* _SOURCE DATA_:
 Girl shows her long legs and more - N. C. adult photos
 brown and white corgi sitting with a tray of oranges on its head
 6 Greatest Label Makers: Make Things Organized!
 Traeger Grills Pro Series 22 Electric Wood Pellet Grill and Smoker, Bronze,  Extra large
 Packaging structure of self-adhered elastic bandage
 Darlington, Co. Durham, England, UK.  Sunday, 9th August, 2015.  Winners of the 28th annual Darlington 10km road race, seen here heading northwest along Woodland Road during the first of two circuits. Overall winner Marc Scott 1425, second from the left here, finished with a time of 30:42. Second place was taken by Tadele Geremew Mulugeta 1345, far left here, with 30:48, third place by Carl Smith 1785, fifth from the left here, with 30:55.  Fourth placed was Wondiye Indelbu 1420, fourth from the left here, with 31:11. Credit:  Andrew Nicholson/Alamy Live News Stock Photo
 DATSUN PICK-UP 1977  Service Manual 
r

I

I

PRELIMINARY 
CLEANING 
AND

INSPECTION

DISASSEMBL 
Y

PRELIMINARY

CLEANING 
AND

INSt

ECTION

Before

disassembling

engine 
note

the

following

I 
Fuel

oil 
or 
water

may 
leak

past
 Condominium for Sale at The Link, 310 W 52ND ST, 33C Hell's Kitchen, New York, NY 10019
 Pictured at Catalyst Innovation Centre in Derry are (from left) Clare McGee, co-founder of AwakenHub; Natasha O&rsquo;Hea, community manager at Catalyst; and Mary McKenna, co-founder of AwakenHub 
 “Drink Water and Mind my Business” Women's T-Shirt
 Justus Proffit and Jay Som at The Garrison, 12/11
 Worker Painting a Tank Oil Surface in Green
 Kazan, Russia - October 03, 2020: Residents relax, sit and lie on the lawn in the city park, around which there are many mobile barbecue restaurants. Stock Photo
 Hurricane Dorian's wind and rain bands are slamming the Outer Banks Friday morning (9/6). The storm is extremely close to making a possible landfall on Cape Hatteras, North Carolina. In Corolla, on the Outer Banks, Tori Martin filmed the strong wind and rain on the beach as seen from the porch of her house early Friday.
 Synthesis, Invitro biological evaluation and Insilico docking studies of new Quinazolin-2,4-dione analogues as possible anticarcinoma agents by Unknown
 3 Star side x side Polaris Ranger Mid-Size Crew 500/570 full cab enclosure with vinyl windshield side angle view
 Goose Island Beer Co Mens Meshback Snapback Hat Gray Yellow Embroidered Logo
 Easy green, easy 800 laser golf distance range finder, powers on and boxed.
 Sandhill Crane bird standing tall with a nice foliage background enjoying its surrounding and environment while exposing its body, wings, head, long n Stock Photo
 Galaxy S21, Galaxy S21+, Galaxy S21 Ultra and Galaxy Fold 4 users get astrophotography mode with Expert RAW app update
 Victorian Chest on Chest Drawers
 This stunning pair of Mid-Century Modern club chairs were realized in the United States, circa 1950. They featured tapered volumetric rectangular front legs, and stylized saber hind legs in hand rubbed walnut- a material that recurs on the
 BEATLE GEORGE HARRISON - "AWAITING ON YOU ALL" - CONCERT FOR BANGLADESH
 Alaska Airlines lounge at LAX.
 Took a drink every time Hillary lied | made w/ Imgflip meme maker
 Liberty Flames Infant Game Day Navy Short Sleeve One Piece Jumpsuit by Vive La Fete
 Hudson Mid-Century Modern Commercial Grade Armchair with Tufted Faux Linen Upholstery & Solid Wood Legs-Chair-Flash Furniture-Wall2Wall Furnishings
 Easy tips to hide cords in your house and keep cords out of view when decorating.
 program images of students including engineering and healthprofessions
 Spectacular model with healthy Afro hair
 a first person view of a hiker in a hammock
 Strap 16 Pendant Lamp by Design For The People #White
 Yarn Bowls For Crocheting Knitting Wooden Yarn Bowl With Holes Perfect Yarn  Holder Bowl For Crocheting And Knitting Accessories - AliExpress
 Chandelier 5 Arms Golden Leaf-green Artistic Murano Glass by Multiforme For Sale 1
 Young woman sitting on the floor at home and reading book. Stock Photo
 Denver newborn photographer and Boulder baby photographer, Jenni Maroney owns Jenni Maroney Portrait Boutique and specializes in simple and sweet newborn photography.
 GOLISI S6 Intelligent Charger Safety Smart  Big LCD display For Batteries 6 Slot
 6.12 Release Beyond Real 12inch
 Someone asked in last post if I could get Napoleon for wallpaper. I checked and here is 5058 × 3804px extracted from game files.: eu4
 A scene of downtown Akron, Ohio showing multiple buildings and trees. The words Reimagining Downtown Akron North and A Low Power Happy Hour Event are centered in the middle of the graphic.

* _WORK INSTRUCTIONS_: Above are the records; copy each line from them that includes the string "time".

* _OUTPUT_:
 Darlington, Co. Durham, England, UK.  Sunday, 9th August, 2015.  Winners of the 28th annual Darlington 10km road race, seen here heading northwest along Woodland Road during the first of two circuits. Overall winner Marc Scott 1425, second from the left here, finished with a time of 30:42. Second place was taken by Tadele Geremew Mulugeta 1345, far left here, with 30:48, third place by Carl Smith 1785, fifth from the left here, with 30:55.  Fourth placed was Wondiye Indelbu 1420, fourth from the left here, with 31:11. Credit:  Andrew Nicholson/Alamy Live News Stock Photo
 Took a drink every time Hillary lied | made w/ Imgflip meme maker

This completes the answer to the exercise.